Making an entire rewrite of an API layer would be 10x worse, i suspect.
 
That sounds a lot harder than porting a single DOS game.
I actually did the latter, with SimEarth, which involved fusing it with an 80186 emulator, making a crude decompiler and rewriting about 10% of it's code, parts that handled all the interactions with the external world - graphics, files, input, sound, resources, memory, FPU, and so on.
It was a droning madness that i had to forcibly terminate to avoid sinking years into it (initially i wanted to decompile and rewrite 100% of the game).

Making an entire rewrite of an API layer would be 10x worse, i suspect.

I don't think it would be *that* bad: most of the API was publicly available, so there would be no need to reverse-engineer that part, just to reimplement it, and an open-source example implementation (the 16-bit part of Wine) exists for *nix. The parts of the API that weren't public I think have already been clean-room reverse engineered, and would only affect compatibility with Microsoft products anyways (because only Microsoft had access to that part of the API). Heck, you might just take an existing FOSS DOS extender and write a POSIX layer into it, then just run Wine on top of that (OTOH it would probably require some work on Wine16 to improve its fidelity with certain applications, but on the third hand, some of those problems might actually be rooted in Wine16 not actually having DOS running under it).

But that's not to say that the "ask MS to open source Win16" route might not actually be a better use of effort.
 
One part of the problem is: There are not many Windows 3.11 games around. And not much more games based on the 16-bit API of windows.

And those had really not been very popular - Windows 3.11 was really bad in multimedia.
 
And those had really not been very popular - Windows 3.11 was really bad in multimedia.

Well, it was really just a UI for an OS that was bad at multimedia (i.e. didn't provide any interfaces for it at all out of the box), so that's not very astonishing... :shifty:
 
One part of the problem is: There are not many Windows 3.11 games around.
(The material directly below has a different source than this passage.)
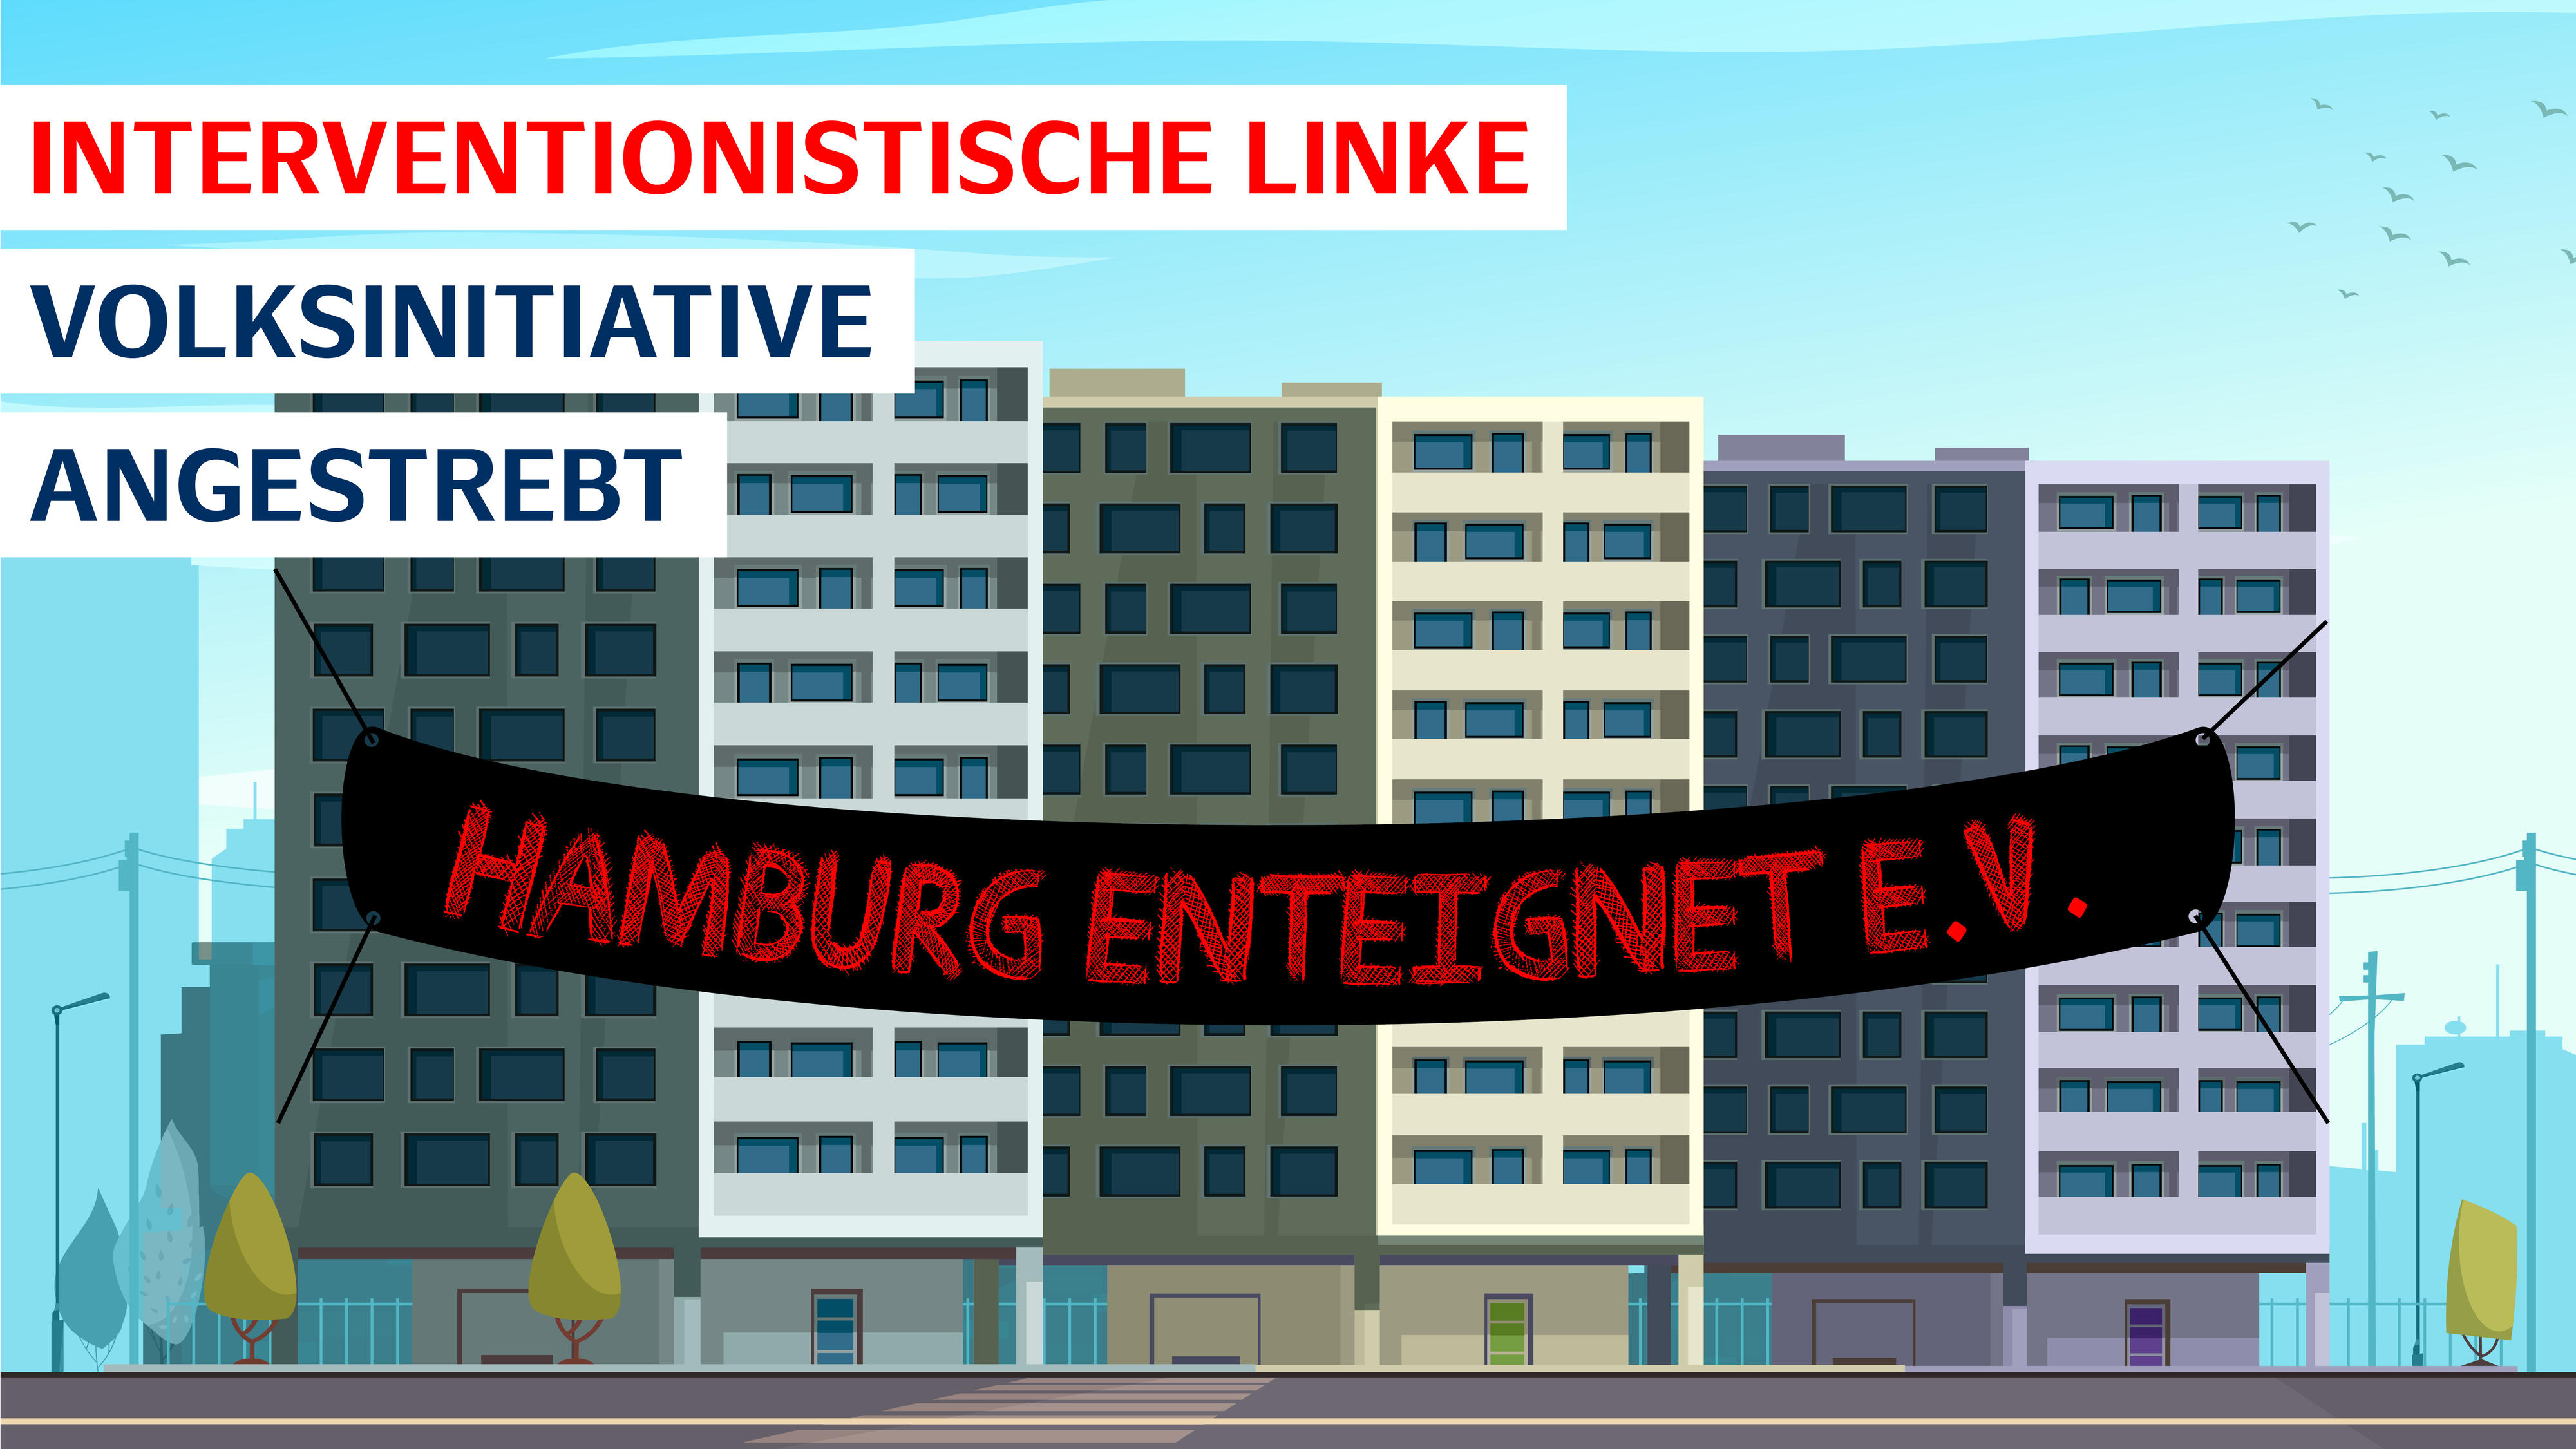 Interventionistische Linke - Hamburg enteignet e.V.

And not much more games based on the 16-bit API of windows.

And those had really not been very popular - Windows 3.11 was really bad in multimedia.

There weren't a lot of envelope-pushing games for Win16, but there were a number of gems with lower performance requirements. The original release of Civilization 2 was for Win16, for example. Of course, for that there were later Win32 versions, the Civilization series has continued into the modern day, and Civ2 was cloned in FreeCiv, so it's not really one of the titles that's going to be lost to history because there isn't a robust Win16 emulation platform around, but it does demonstrate that the Win16 gaming scene was not entirely barren.
 
There weren't a lot of envelope-pushing games for Win16, but there were a number of gems with lower performance requirements. The original release of Civilization 2 was for Win16, for example. Of course, for that there were later Win32 versions, the Civilization series has continued into the modern day, and Civ2 was cloned in FreeCiv, so it's not really one of the titles that's going to be lost to history because there isn't a robust Win16 emulation platform around, but it does demonstrate that the Win16 gaming scene was not entirely barren.
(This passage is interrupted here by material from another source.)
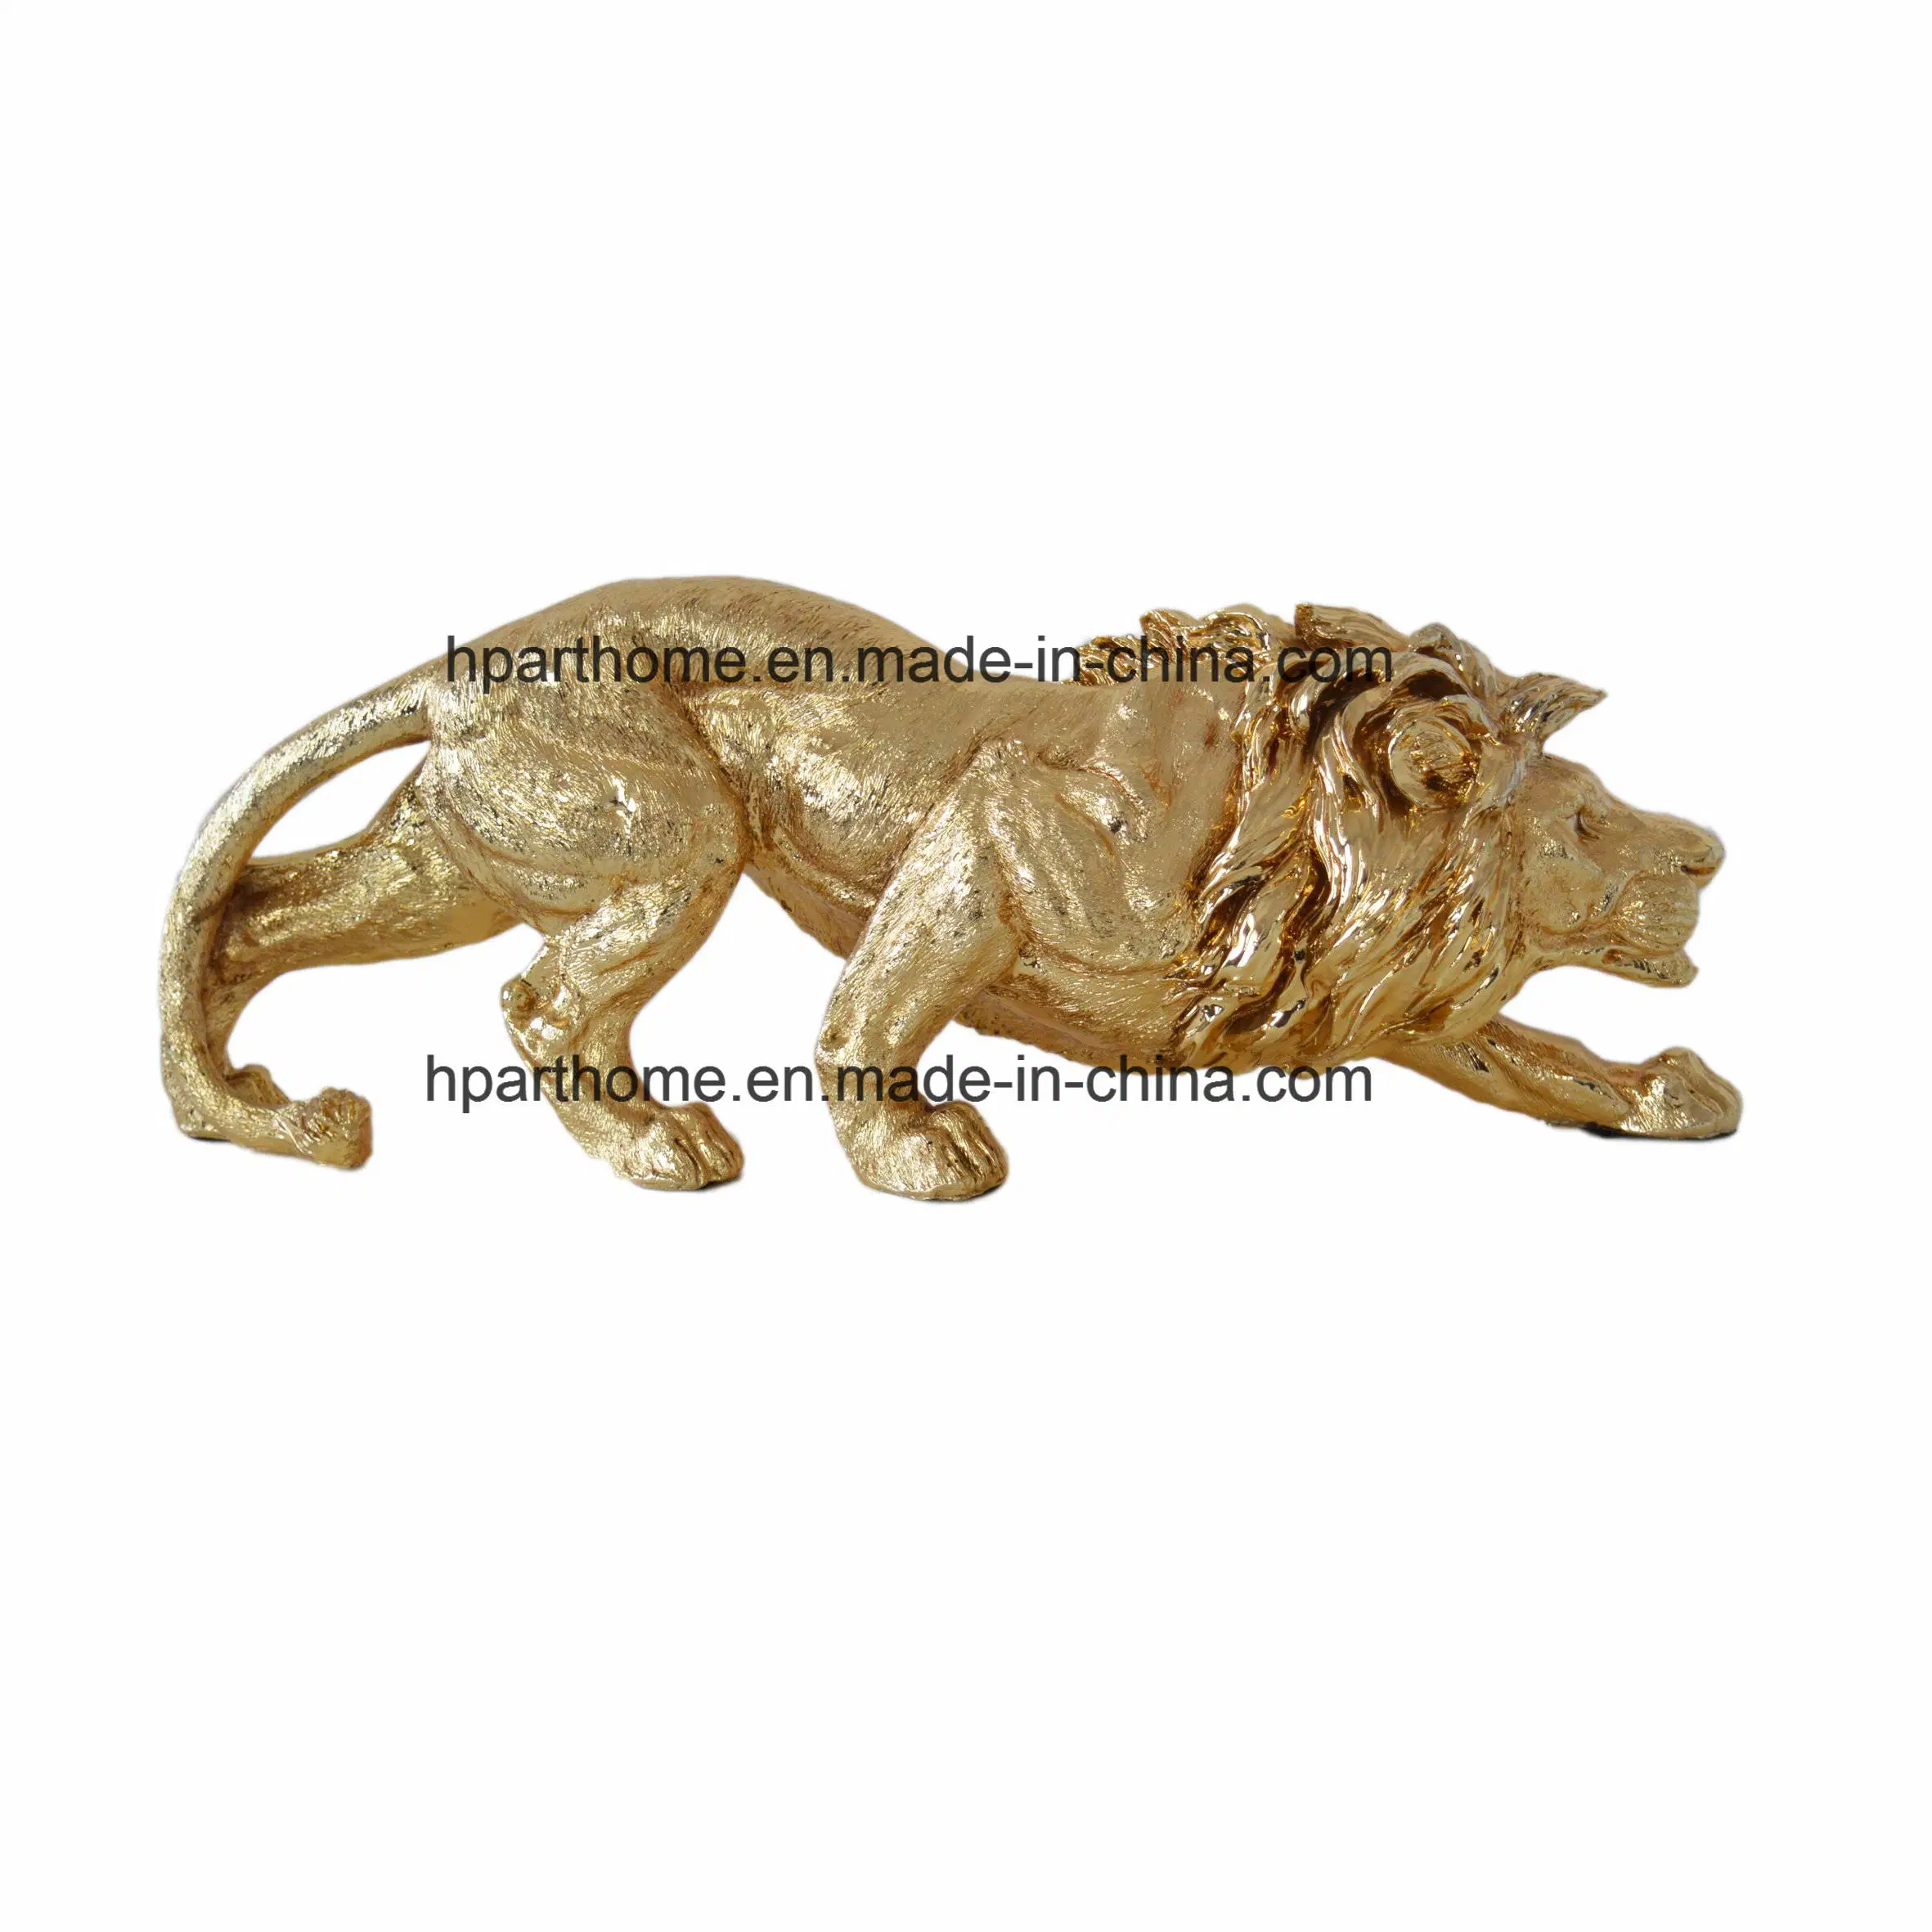 La decoración de la resina León escultura resina regalos artesanales souvenirs decoración Polyresin

Never doubted that. But the Win16 gaming scene was never a highlight. Many hated the API for its limitations and poor design. Whoever was interested in his own games ported them to the Win32 API as soon as it was available.
 
Can you imagine what it would be like if a bronze age fisherman were transported to our time, and you were giving him a tour?
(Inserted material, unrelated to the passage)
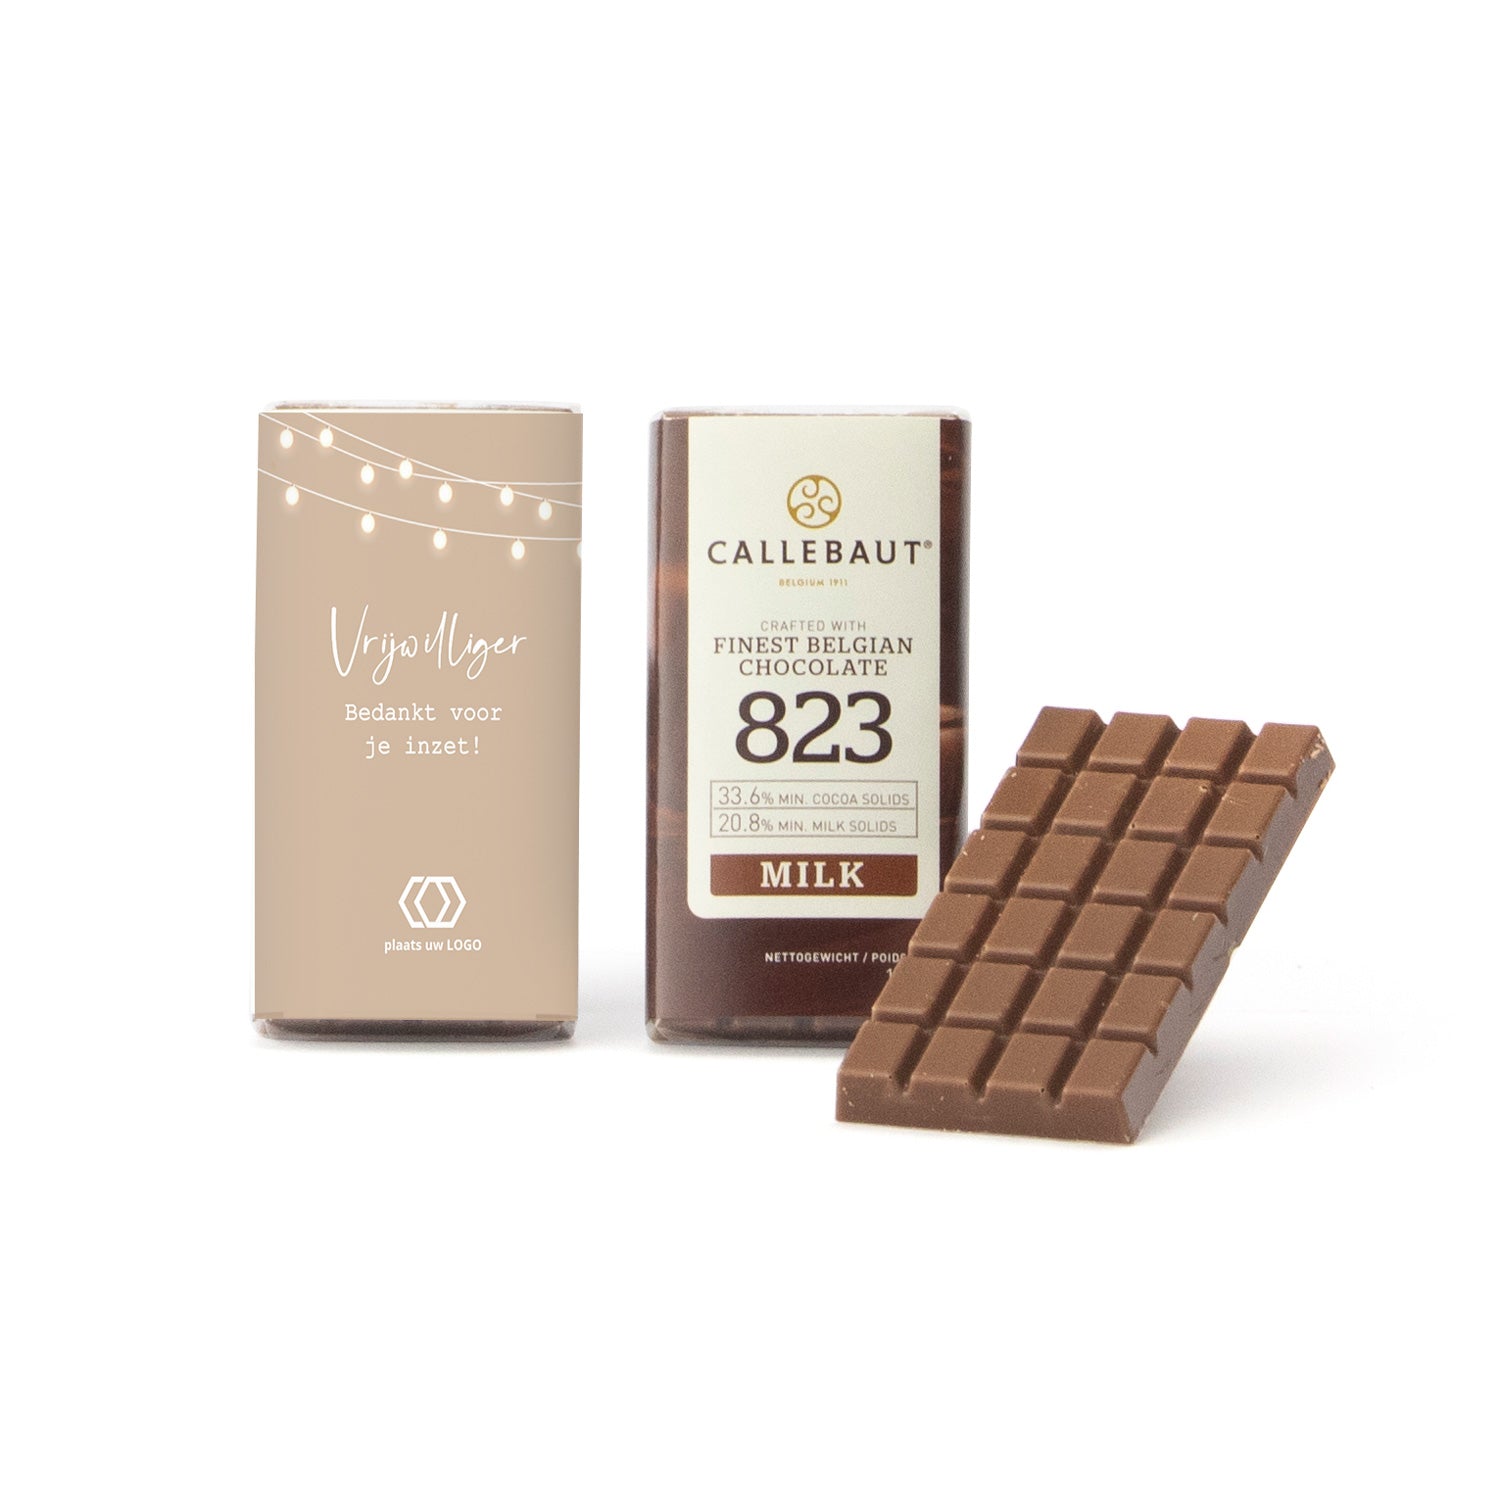 Callebaut chocolaatjes (25 stuks) - Vrijwilliger - Bedankjes.nl

*Standing off the departure end of a runway at a large airport.
*747 takes off and flies overhead.
Bronze ager: WTF is *THAT*!!!!
You: It's a flying ship. We do that these days.
Bronze ager: That's a :censored: enormous ship!
You: Meh, it's hard to get things to fly, so it's actually fairly tiny compared to a floating ship...
Bronze ager: HOW :censored: BIG ARE YOUR FLOATING SHIPS???!!!
*Bronze ager faints.
 
<Bronze ager regains consciousness>


Well, if it is any consolation, our spaceships are still rather small.